With regard to the financial crisis, these revenue recognition fraud techniques may have been most useful in establishing “observability” of market prices for otherwise illiquid assets. Establishing “market prices” via fraudulent, sham transactions amongst the market participants before quarter-end and year-end reporting periods would have allowed assets to remain on the books longer at inflated values and, therefore, to inflate profits and bonuses. “Market prices” that appeared to support existing valuations sustained the myth. The investments were not written down until long after the market for subprime real estate securities started to wilt.
David the CFE explains this theory in the case of Lehman Brothers:
Nassim Taleb says about banks: “Banks hire dull people and train them to be even duller. If they look conservative, it’s only because their loans go bust on rare, very rare occasions. But bankers are not conservative at all. They are just phenomenally skilled at self-deception by burying the possibility of a large, devastating loss under the rug. Taleb further states: “Executives will game the system by showing good performance so they can get their yearly bonus.”
Lehman paid out $5.2 billion in bonuses in 2006 and $5.7 billion in bonuses in 2007. Did this result from the executives at the bank gaming the system to increase their bonuses? An example of burying a large loss under the rug can be found in this excerpt from Lehman Brothers in its 2006 10-K:
We held approximately $2.0 billion and $0.7 billion of non-investment grade retained interests at November 30, 2006 and 2005, respectively. Because these interests primarily represent the junior interests in securitizations for which there are not active trading markets, estimates generally are required in determining fair value. We value these instruments using prudent estimates of expected cash flows and consider the valuation of similar transactions in the market.
Junior interests in securitizations. Lehman and other firms purchased mortgages that would effectively be resold by them as collateralized debt obligations. Each of Lehman’s securitizations was broken into tranches in which senior interests received greater preference with respect to collections of interest and principal than junior interests that were entitled to greater profits, if such profits were realized. A junior interest in a securitization is the lowest level of the tranches for collateralized debt obligations. Generally, only the bottom 3% of a securitization was labeled as equity.
During 2006, housing prices dropped nationally by at least 5% from the spring of 2006 to Lehman’s Nov. 30, 2006 and the default rate was increasing as well. With prices of houses dropping and the default rate increasing, there was a risk of large losses when the buyer defaults. Thus, the junior interests in securitizations that Lehman was purportedly investing in were probably already worthless at the time that Lehman invested in them or at November 30, 2006.

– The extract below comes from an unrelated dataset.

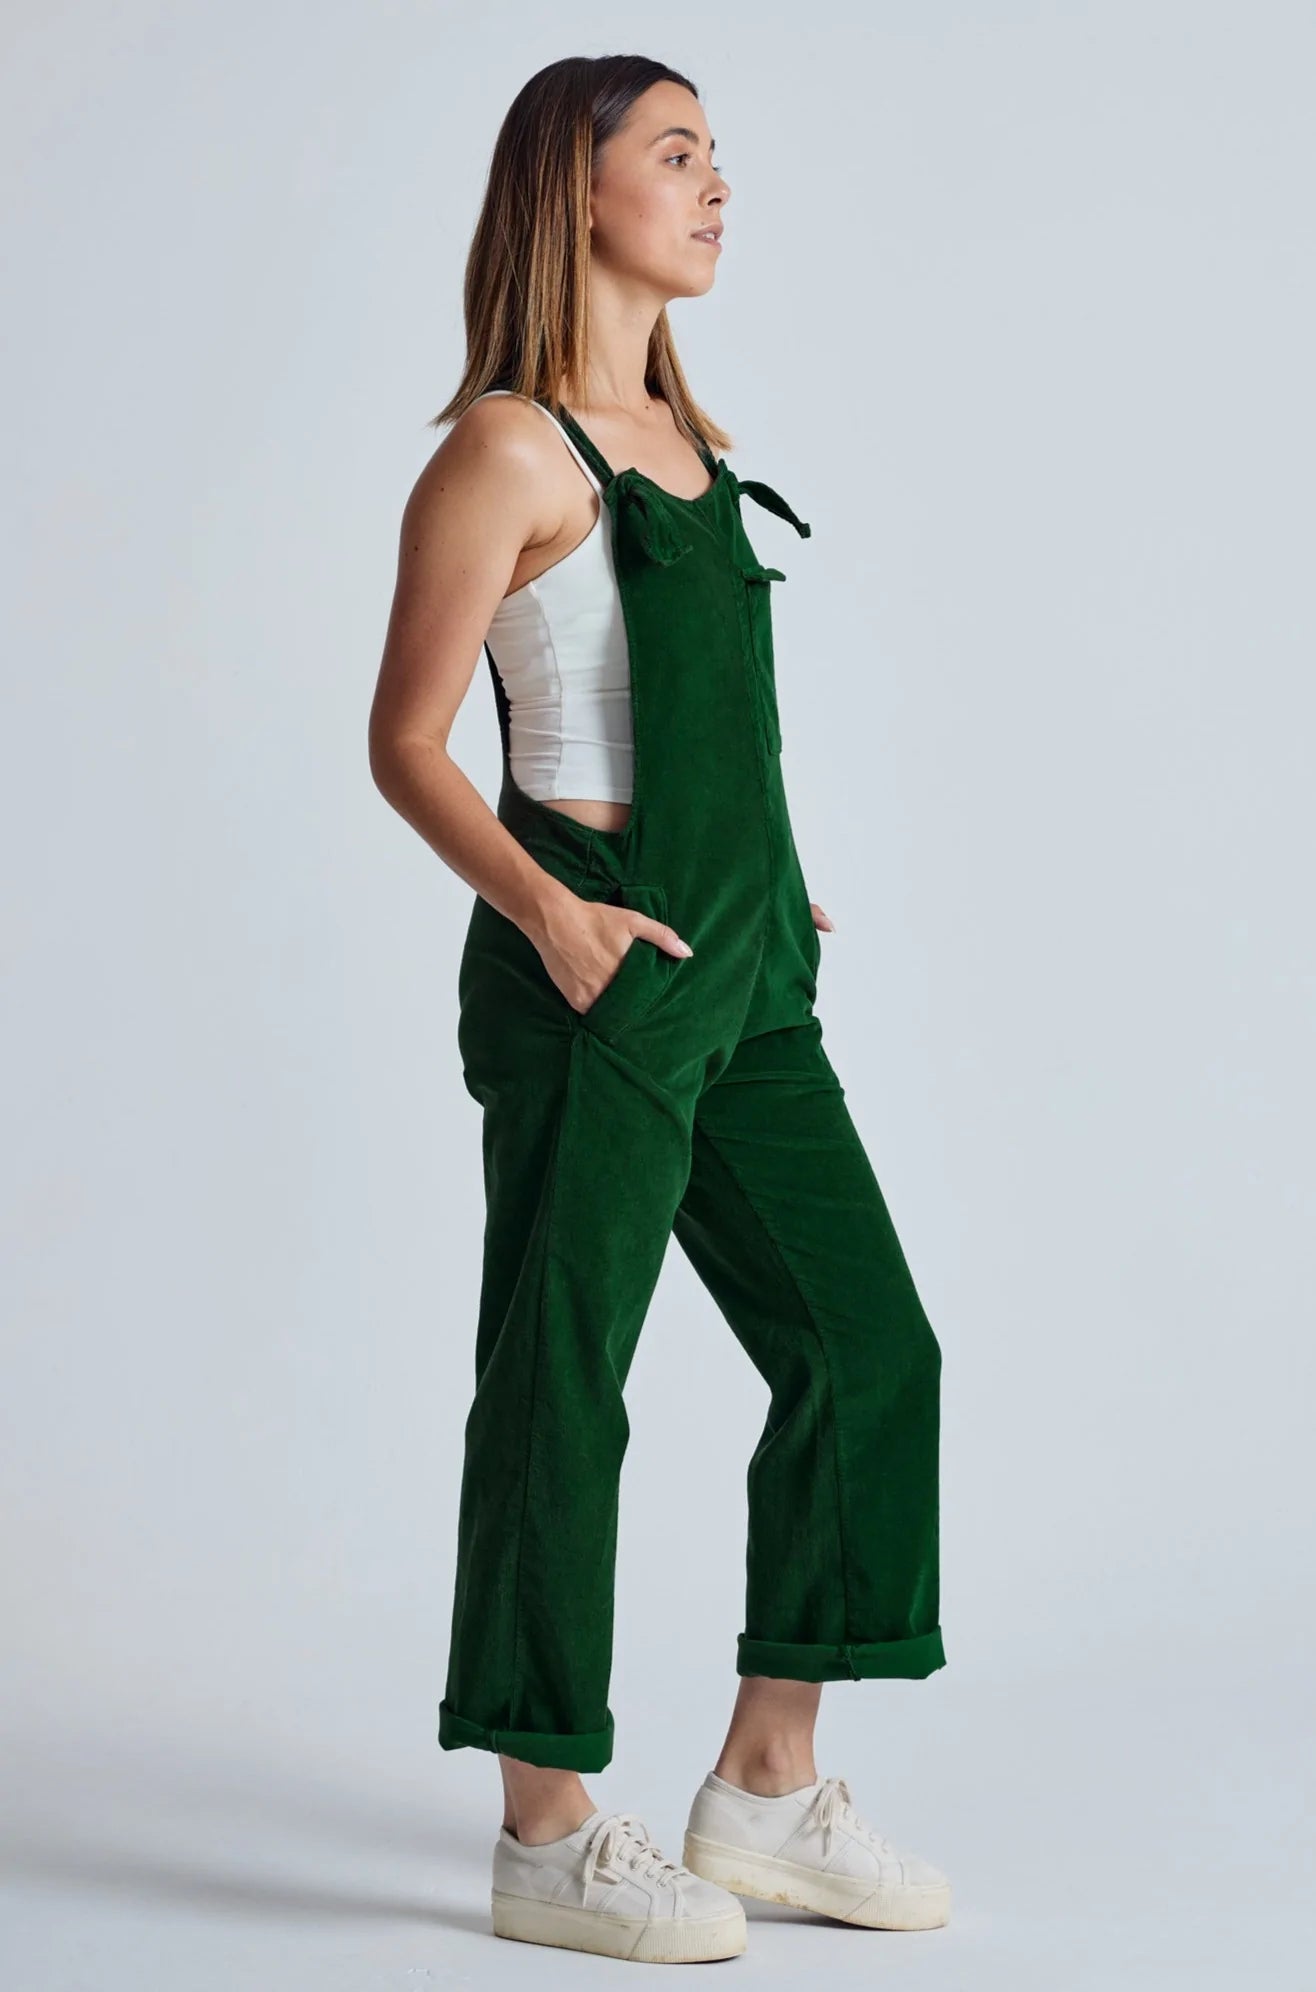 MARY-LOU Winter Green - Organic Cotton Dungarees by Flax & Loom

An auditor would have to suspect a material loss is being hidden and that collusion between several departments at Lehman Brothers and management’s participation in the deception was possible. Ernst and Young, Lehman’s auditors, were probably unwilling to consider such a possibility because auditors accept as dogma that collusion between many employees and multiple departments is unlikely no matter what the motive, i.e., $5.2 billion in bonuses. Auditing standards also do not consider collusion likely. Apparently, auditors did not consider the possibility that two different groups at Lehman Brothers such as the underwriters who sold the securitization IPOs and the trading departments would collude to hide a $1.3 billion loss in a junior equity position that could not be sold.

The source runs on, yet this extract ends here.